Problem description: Every word in the data below belongs in your copy, exactly as given; the pictures do not.

Dataset content:
[Start of section]
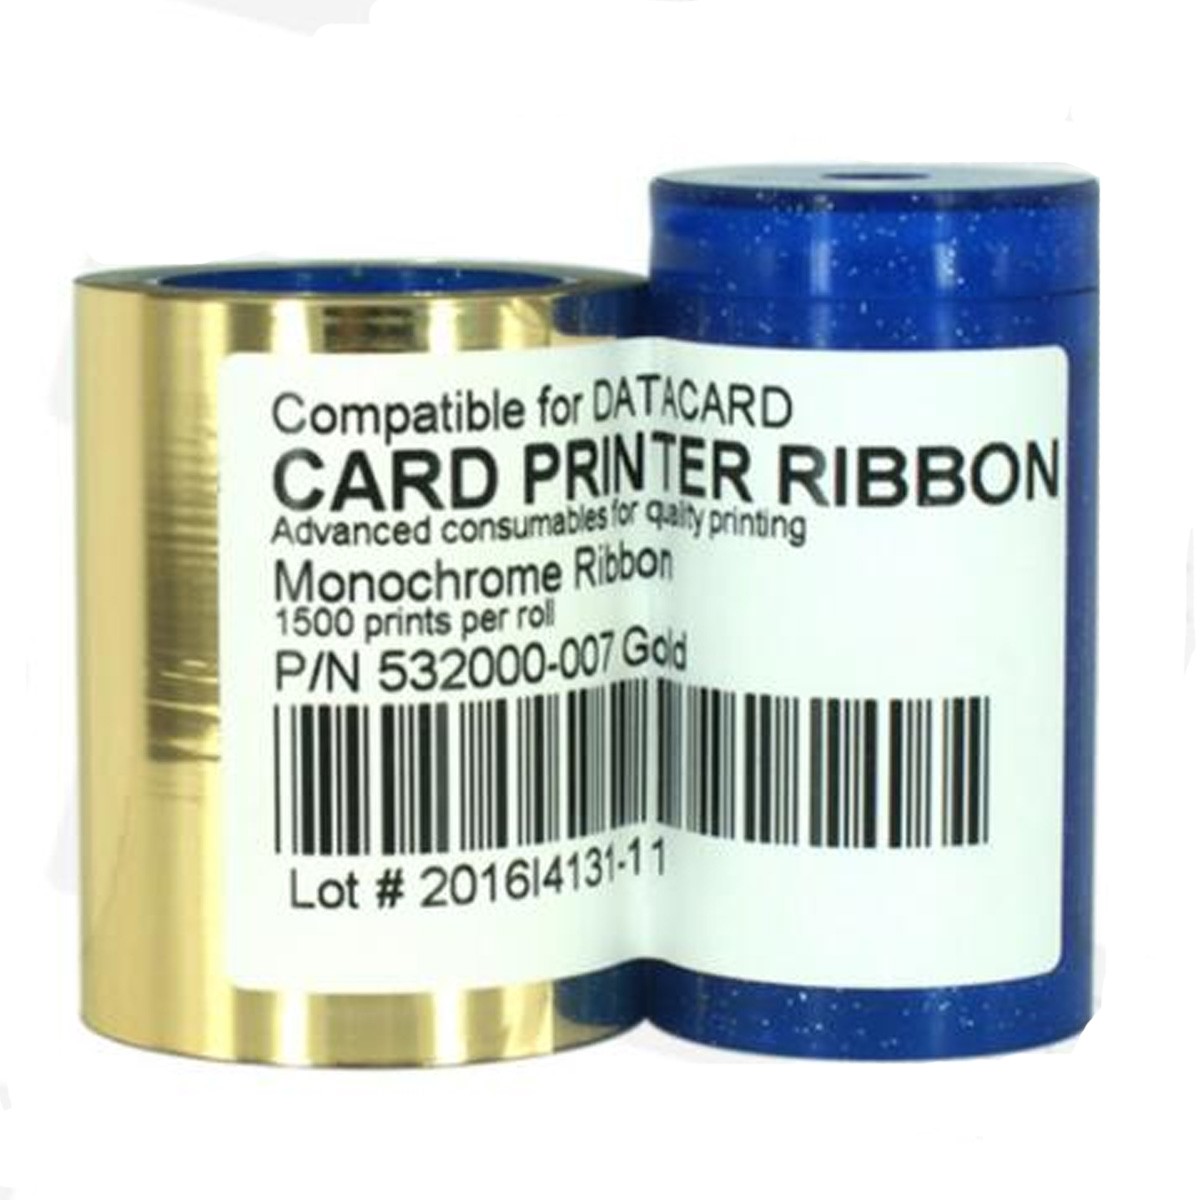 New color ribbon for Datacard 532000-007 Gold 1500 sheet - Click Image to Close
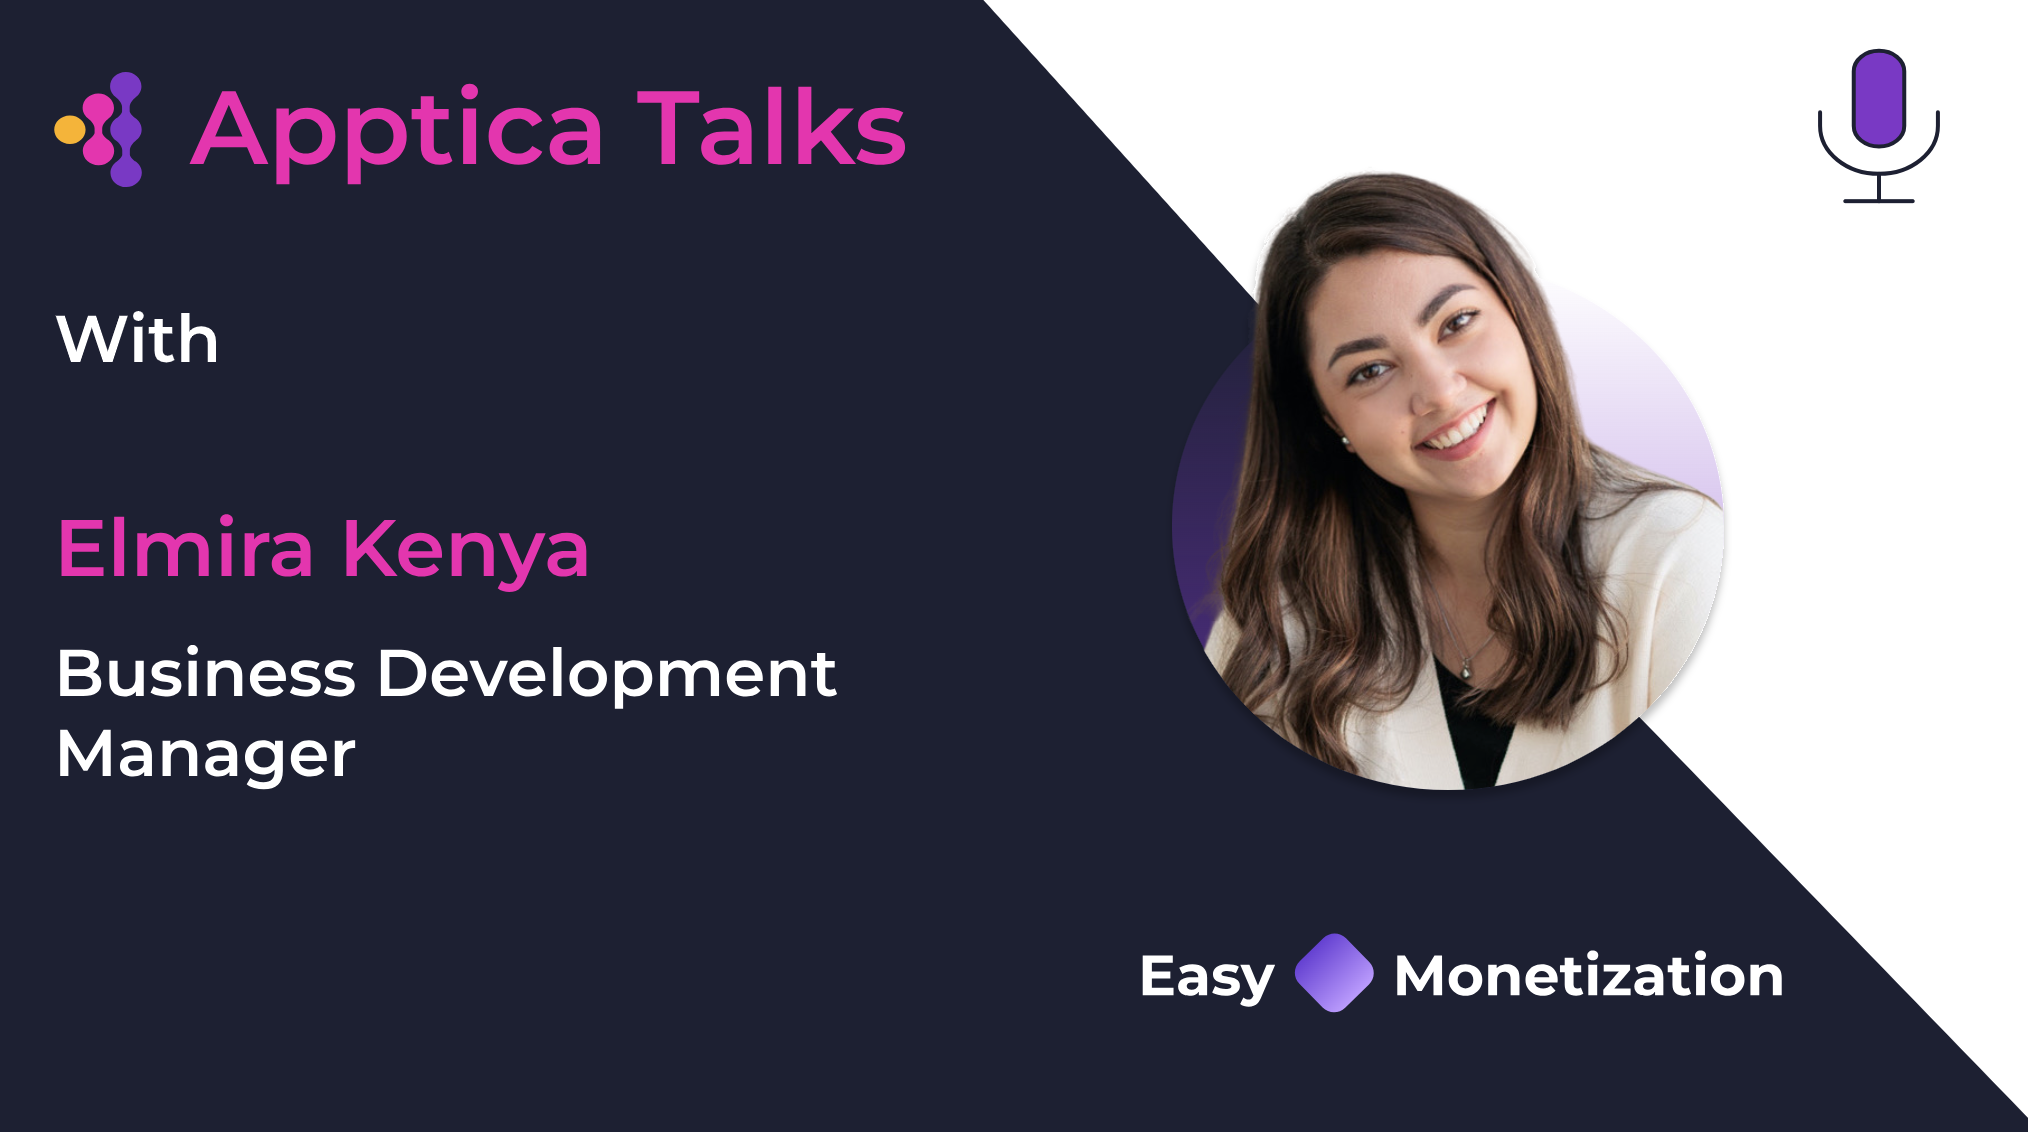 Apptica Talks. Episode #5. In-App Advertising: numbers, insights and recommendations with Elmira Kenya from Easy Monetization
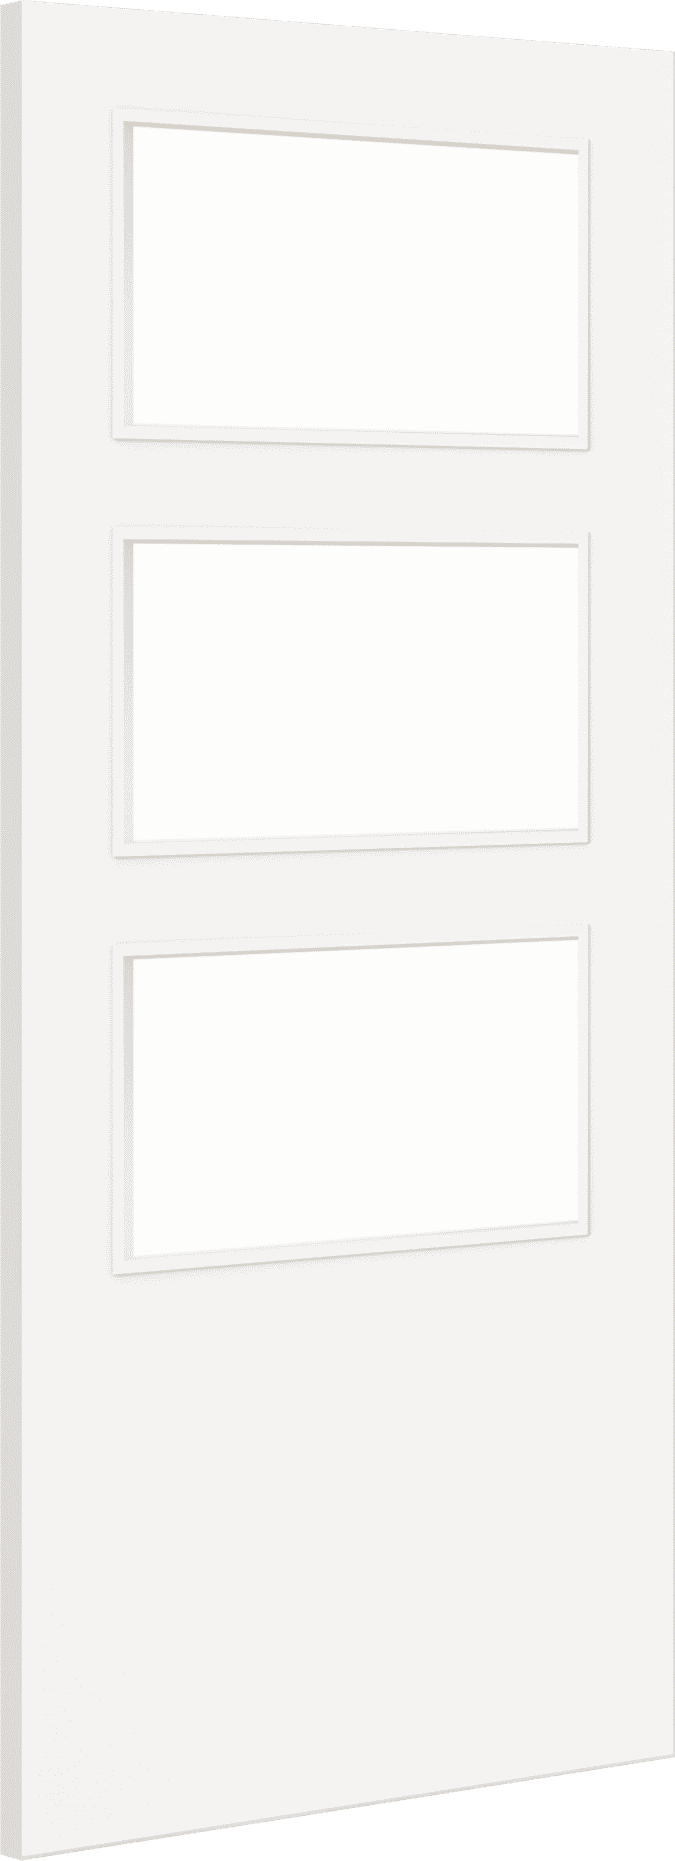 2040mm x 626mm x 44mm Architectural Paint Grade White 03 Clear Glazed Fire Door Blank
[End of section]
Answer to the problem:
 New color ribbon for Datacard 532000-007 Gold 1500 sheet - Click Image to Close
 Apptica Talks. Episode #5. In-App Advertising: numbers, insights and recommendations with Elmira Kenya from Easy Monetization
 2040mm x 626mm x 44mm Architectural Paint Grade White 03 Clear Glazed Fire Door Blank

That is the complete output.